— Прошу вас, дорогой землянин, будьте так добры, изложите на бумаге как можно подробнее ваш жизненный путь.
— Да к чему вам мой жизненный путь? — спросил я, энергично борясь с недружелюбным тоном, который угрожал окрасить мой голос.
— Для картотеки, добрый друг, для картотеки.
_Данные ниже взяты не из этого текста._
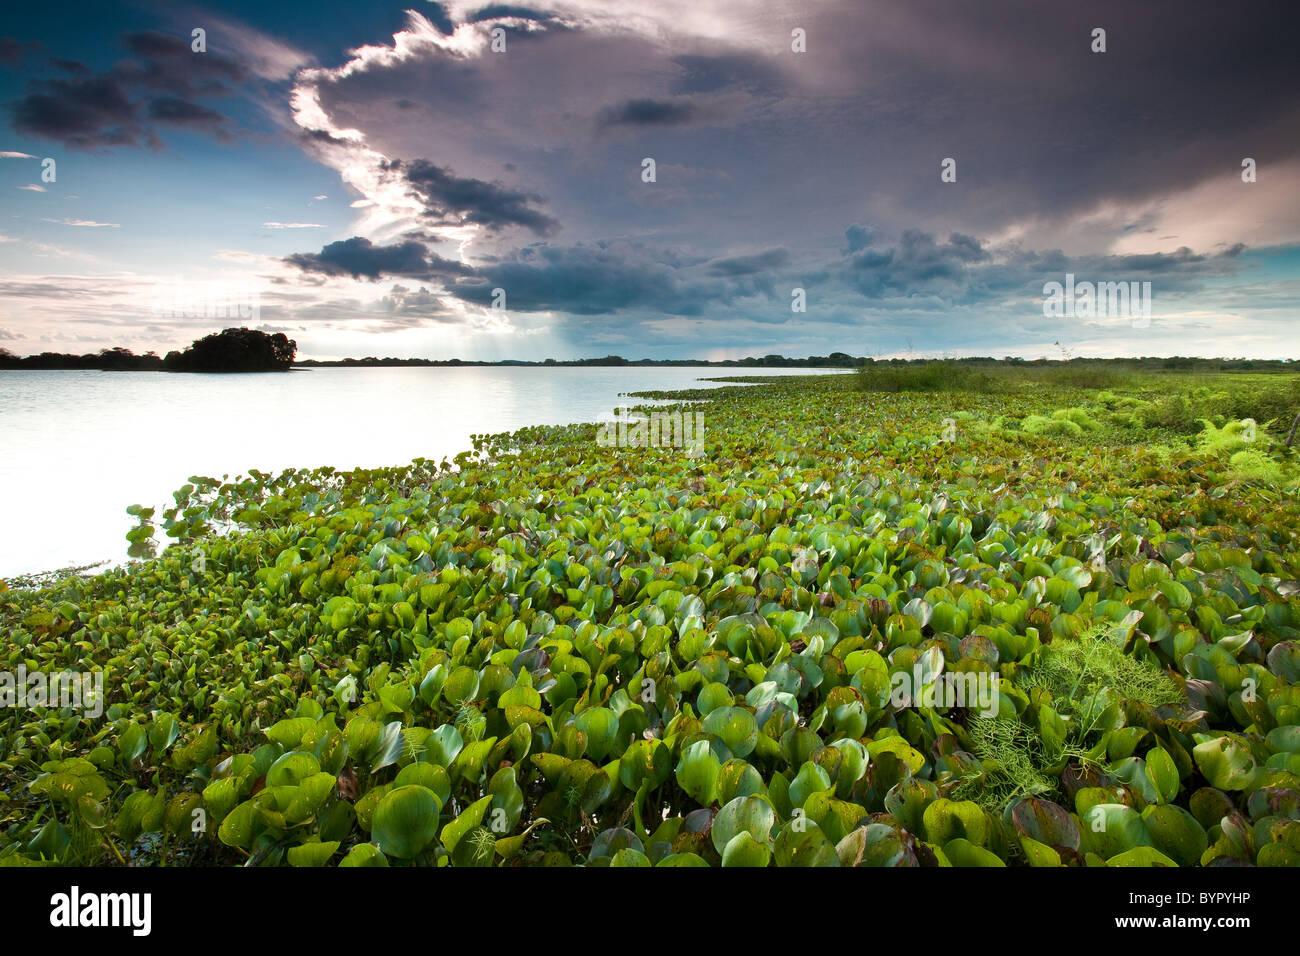 A Lago di Refugio de vida Silvestre Cienaga de las Macanas Riserva, in Herrera provincia, Repubblica di Panama. Foto Stock

К сожалению, это неизбежно, к моему большому сожалению.
Копировальной бумаги у альдебаранитов, к удивлению, не водилось, и потому я должен был, как и в первый раз, каждый лист неоднократно переписывать.
Сравнение с Венгрией казалось мне теперь односторонним; я чувствовал у альдебаранитов налет прусского бюрократизма.
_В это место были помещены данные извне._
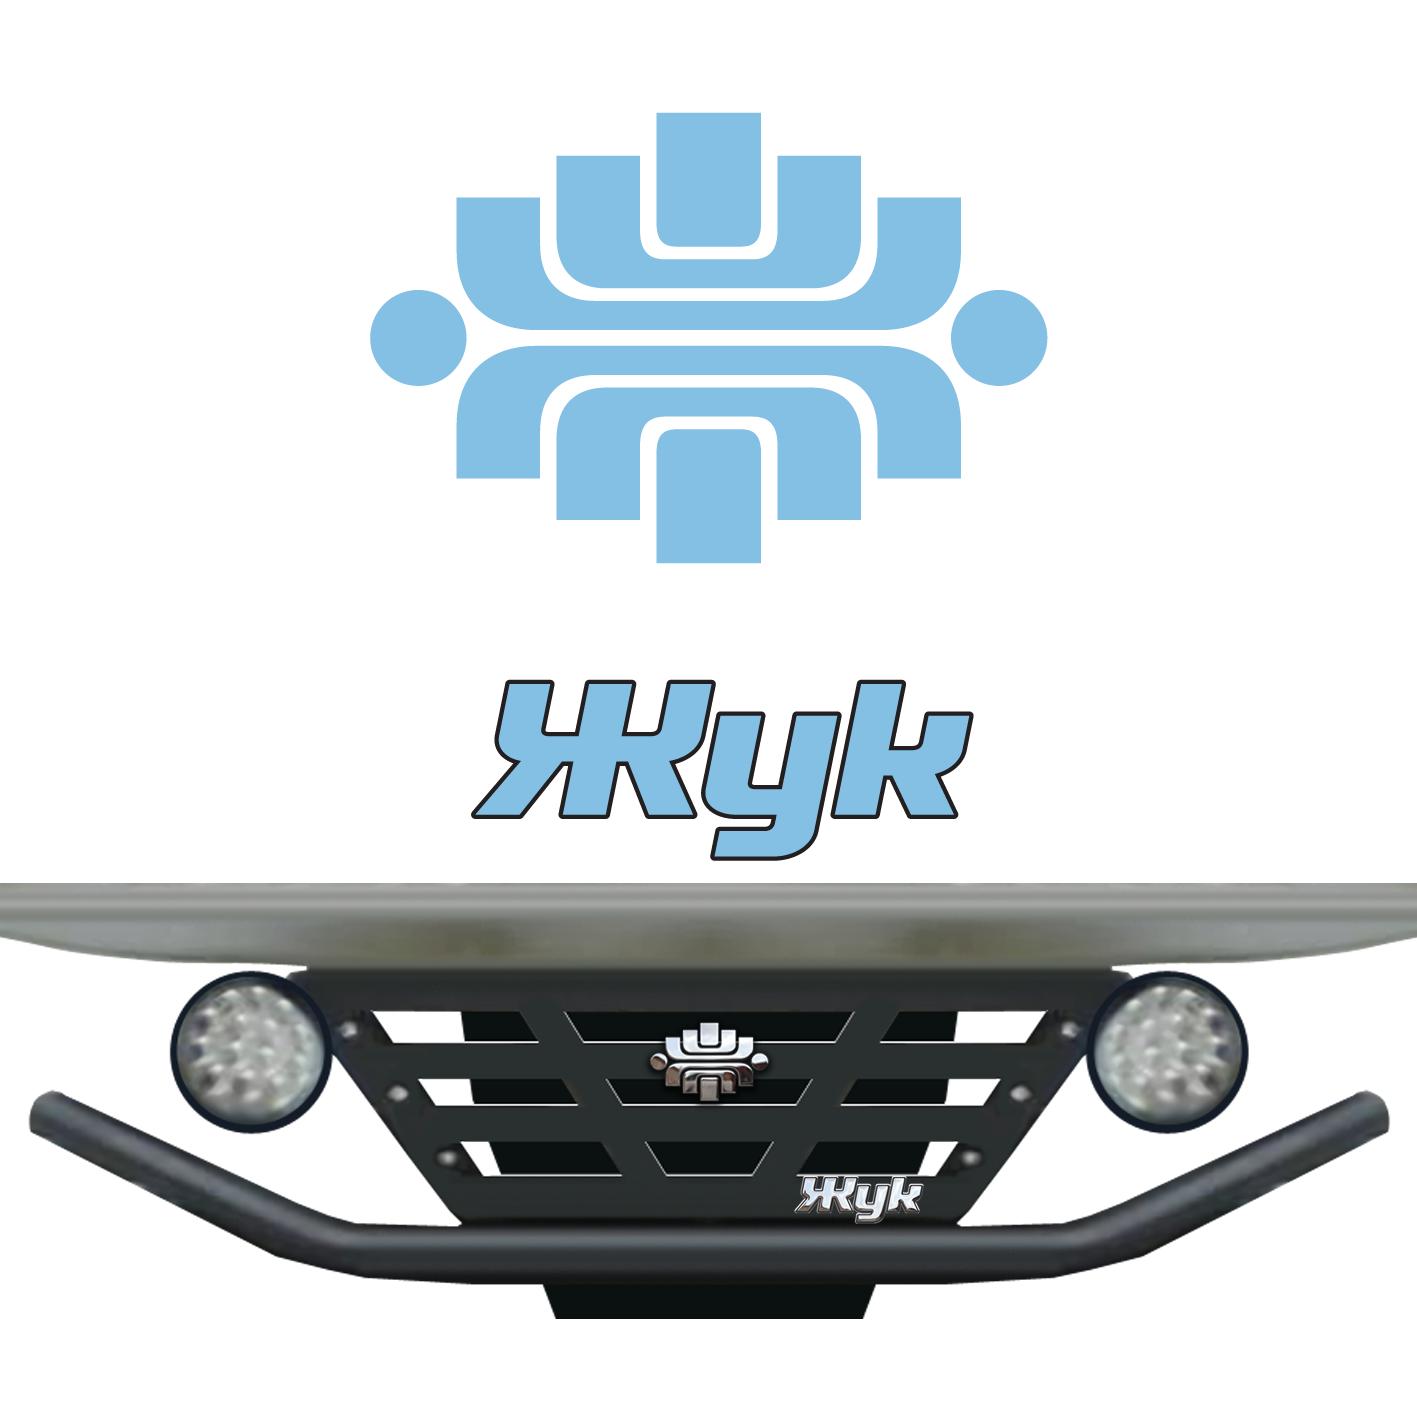 Нужен логотип (эмблема) для самодельного квадроцикла фото f_3185afd514df38da.png

Но вы ошибетесь, если решите, что затем наконец-то началось мое надснигание. Ничуть не бывало! Этажом выше меня принял третий альдебаранский чиновник, ведающий сниганием, который с хорошо поставленной и постепенно пробуждавшей мою желчь дружественностью осведомился о моем молекулярном строении. Но чтобы он не рассчитывал здесь ни на какой успех, я обрадованно сообщил ему, что ничего не знаю об этом и, следовательно, ничего не могу заполнять.
Мое ребячье торжество длилось весьма недолго. Озабоченное лицо «дыни», в которой уже не было никакого надреза, подсказало мне, что близятся новые неприятности.
— Так, так… Значит, никакого молекулярного строения… Как может такое быть, уважаемый гость? — спросил он необычайно серьезно.
Я, конечно, ничего не подозревал, как Антей, собиравшийся позавтракать хомяком.
Его объяснение гремело у меня в ушах как трубы Иерихона. Молекулярное строение должно определяться перед каждым сниганием, чтобы могла быть осуществлена своевременная и направленная корректировка нередко возникающих при этом способе передвижения подснигающих эффектов, нарушений на сниго-отрезке или дефектов в снигательных механизмах и обусловленных этим уродств. И совсем непонятна халатность коллег в альдебаранском центре снигания — как это они могли забыть об этом.
— Да, теперь остается только одно, мы должны отважиться на слепое снигание, — завершил он свои выкладки. Потом он еще перелистал мои отчеты и заметил: — В общем, вы в своем понятном волнении забыли прижать правое ухо к стабилизирующему столбу… Да, теперь нам надо попробовать компенсировать ущерб подобной же ошибкой.
Его вечные: «Да, нам остается… Да, мы должны… Да, можно… Да, было бы лучше…» — давили на меня как кошмар. Но в конце концов это дело далеко не каждого — чихать ногой, так что я на все согласился, что он предлагал.
И вот я снова стою на коленях в сниго-камере, обвив руками столб и тщательно следя за тем, чтобы правым ухом не приблизиться к стабилизатору. Впервые я занял без осложнений место у прибора, не считая небольшого недомогания. Теперь у меня было состояние, как у пациента, которому дантист говорит: «Откройте рот, пожалуйста!»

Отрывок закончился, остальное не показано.